Aided by a grant from Lynchburg’s Office of Equity and Inclusion, the Neurodiverse Student Alliance was founded in the spring of 2022. Walker is one of the group’s co-presidents.
In the fall of that year, he and another group member presented a Courageous Conversation — a speaker series sponsored by OEI — where they talked about what it’s like to be neurodiverse.
Group members, along with Dillon and Spaulding, also participated in a teaching and learning conference on campus. “We put in a proposal that Meg and I would facilitate a panel discussion,” Spaulding said. “At this conference, where professors were sharing their expertise, our students presented to faculty on creating inclusive classrooms.”
Walker said being a member of the group and speaking to others about being neurodiverse has “helped me get my confidence back in leading and speaking. It’s helping me plant signs of change that can continue to grow even after I graduate.”
Dillon and Spaulding envision other initiatives that will raise awareness and provide support for Lynchburg’s neurodiverse students.
“Maybe do some outreach to the campus community, something on the Dell,” Dillon said. “Passing things out to get the community more engaged and partnering with other OEI student groups — encouraging that — to have those allies supporting them as well.”
A mentoring program also is in the works, in which an upperclassman who identifies as neurodiverse would be paired with a first-year student, who also identifies.
“The Neurodiverse Student Alliance provides a space for students to connect with peers and allies and offers them leadership opportunities and opportunities to advocate across campus,” Spaulding said.
“Through the different initiatives, there has been a greater understanding of neurodiversity. Before starting this group, neurodiversity wasn’t normally thought of as an element of diversity on campus.”
The group will also continue its outreach to the local community, which they started doing this past spring. In April, with funds from OEI, the group purchased a windchime for a new “sensory garden” at Camp Kum-Ba-Yah Nature Center in Lynchburg.
“We were thrilled to receive the sensory garden wind chimes from the Neurodiverse Student Alliance at the University of Lynchburg,” said Amy Bonnette, the nature center’s executive director.
“We plan to continue this partnership by building friendships and gaining new insights and perspectives from the neurodiverse community. As a fellow EdD student [at Lynchburg], I’m glad the University of Lynchburg celebrates its neurodiverse community by creating an alliance student group.”
Aaron Albright ’24 MEd, the group’s other co-president, became involved in the Neurodiverse Student Alliance after hearing students speak at that Courageous Conversation. While he doesn’t identify as neurodiverse, he supports the group and its mission.

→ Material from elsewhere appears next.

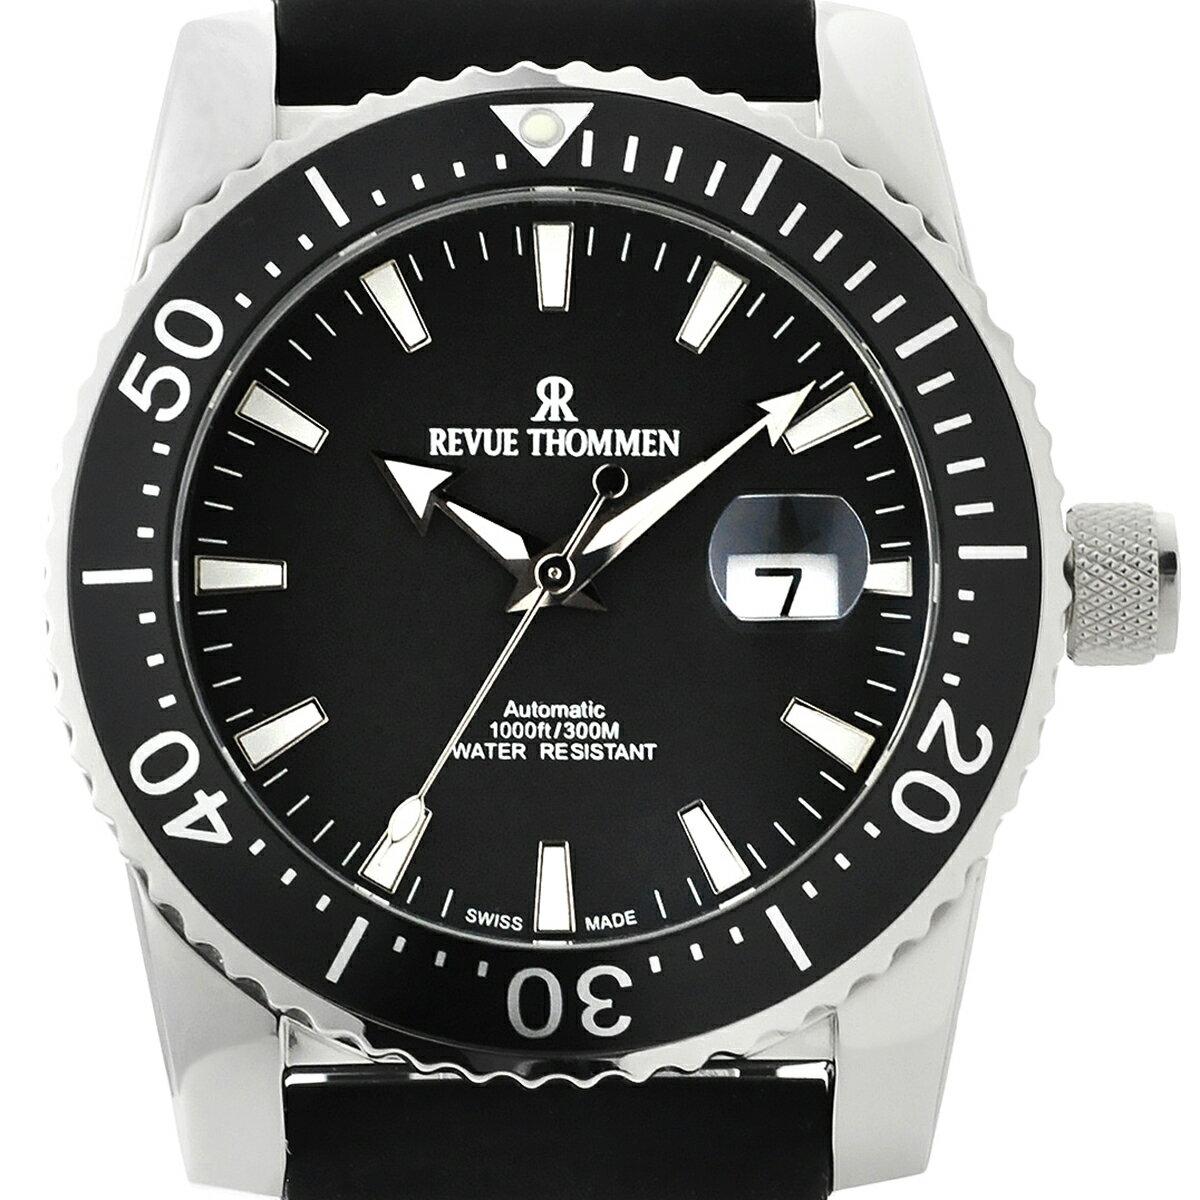 Revue Thommen レビュートーメン 自動巻き(手巻き機能あり) 腕時計 [17030-2537] 並行輸入品 デイト 逆回転防止ベゼル ダイバーズ

“I was born with profound bilateral hearing loss, i.e. deafness,” he said. “I wear a cochlear implant in my right ear. I do not hear in my left ear. I’m a master’s student in clinical mental health counseling and have dedicated much of my time, efforts, and work to researching, advocating for, and working with people with disabilities, like myself.
“I know how hard it is to find community and to transition into college life as someone who has a disability, so I’m passionate about community building and diversity, equity, and inclusion. The Neurodiverse Student Alliance is just one way in which people could be included, find community, and advocate for themselves and others, so I wanted to be involved to help grow the community.”